I feel more fluidity between my self and the city than I did when I first came eighteen years ago, but as Virginia Woolf said, the essay writer’s central conflict is: “Never to be yourself and yet always—that is the problem.” The irresolvable problem, I’d say, is how to be myself and yet also be a Tokyoite, a trick I’m still mastering.
For ten years, I wrote a monthly column about Tokyo for Newsweek Japan, reactions and opinions from my point of view. My early columns were collected into three well-received books in Japan, and two of those are now in English: Beauty and Chaos and Tokyo’s Mystery Deepens.
For this new collection, I am drawing from my later columns in Newsweek Japan published mainly in the four years after the 2011 earthquake. I added a few new essays as they arrived in my head–on the train mainly.
I let some of the essays in this book grow a little beyond their original size, but I kept most around Newsweek Japan’s one-page max because Tokyo life is about spatial limitations. In Tokyo, efficiency of time and space is paramount. Entire stores are devoted to getting things to fit inside closets, kitchens, drawers, bags and six-tatami-mat apartments. In Tokyo, things have to fit. Words are the same. Fewer words do more—and different–work.
In his book on Paris, Adam Gopnik has written, “The essayist dreams of being a prism, through which other light passes, and fears ending up merely a mirror, showing the same old face.” Writing in first-person, I do check the mirror of my own creations from time to time. But I don’t look too long. These essays are less mirror and more prism.
Most of my days in Tokyo are suffused with the white light of daily experience.
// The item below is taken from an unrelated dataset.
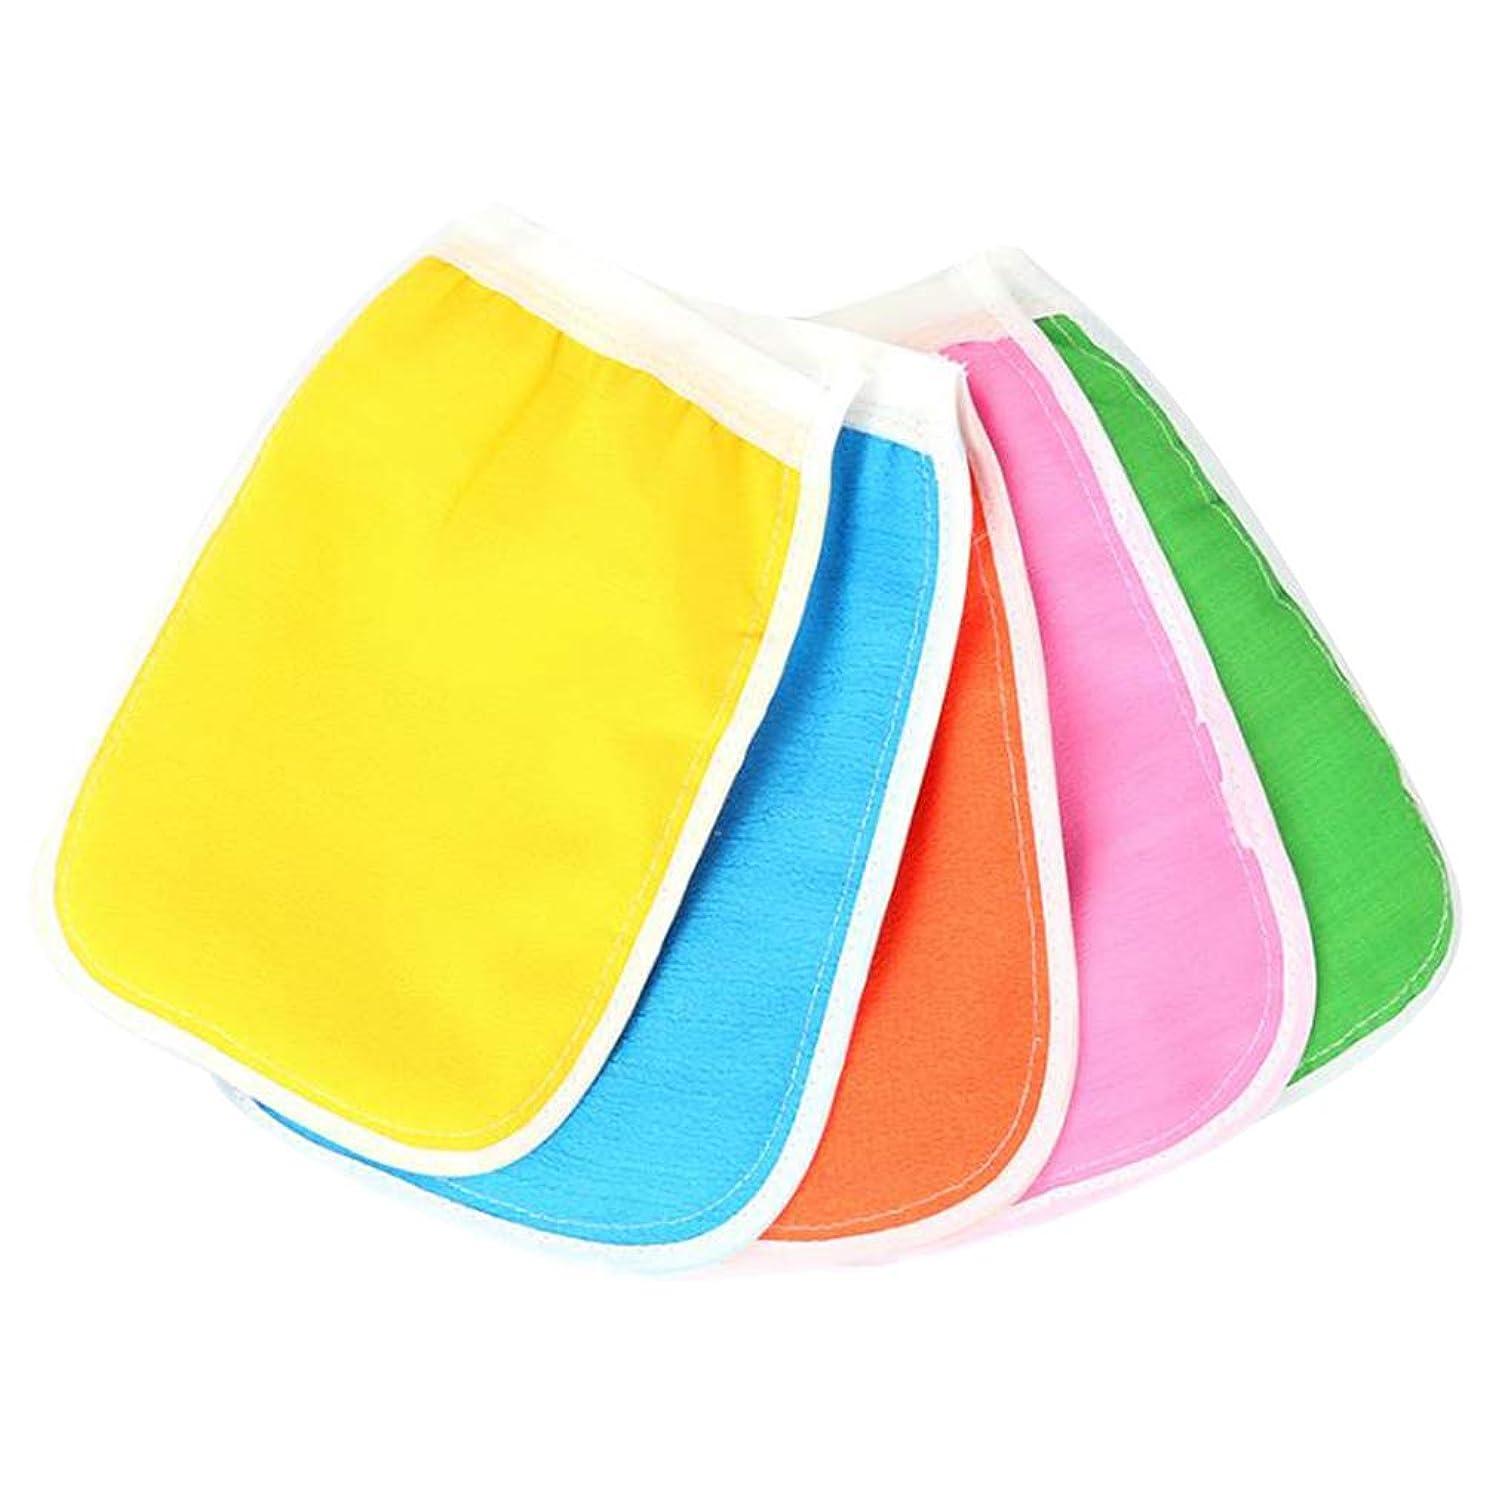 進行中倒産玉ねぎHEALIFTY ボディスクラブミトン手袋入浴シャワースパ用クレンジングツール(混色)のための5本の剥離手袋

But from time to time, it hits the prism at the right angles and explodes into meanings, ideas, associations, directions. With a slight tilt, Tokyo diffracts wild spectrums of meanings.
Living in Tokyo over the years, teaching, writing, agonizing through the earthquake and tsunami, and riding out the economic downturn, political protests, attitude shifts, and odd westernizations, I feel Tokyo’s careening meanings and beguiling contradictions continue to multiply and beg to be written about.
A few years ago, NHK–Japan’s PBS or BBC–invited me to help make videos on the topics in my essays. A director, small film crew and I made short English-language videos on Tokyo’s maps, shop signs, drinking joints and other topics. As I stood around waiting to jump in front of the camera on side streets, I started thinking about how words and images are two different ways of exploring and re-presenting the world. Tokyo on TV and Tokyo in essay are two different cities.
I started to wonder if the visual images were getting closer to the real Tokyo than my words were. I felt videos caught the city from different angles and in different patterns than essays did. Words do such different work, no matter what language they’re plucked from. Video captures the visual surface in all its splendor, while essays push beneath. Neither explains away the confusions of Tokyo, but essays hold them up for a longer look.
As an American who has made Tokyo home, I’m used to confusion, of course, but then again, maybe “home” is a confusing word no matter what size city, no matter what intensity of urban experience, envelops you.
Being contradictory might be Tokyo’s only consistency. Writing about it is like writing about two sides of the same coin at once. The immensity and weirdness of the city makes it hard to get a foothold, or a “pen-hold.” Essays seem a trifling tool with which to take on the immense project of Tokyo. But they catch the surging energies and fleeting instants of life here.
As the Zen Buddhists say, the finger pointing at the moon is not the moon. The essay pointing at Tokyo is not Tokyo. But then again, a finger or two pointed towards the motions and moments of a fascinating city makes it easier to glimpse them before they slip away.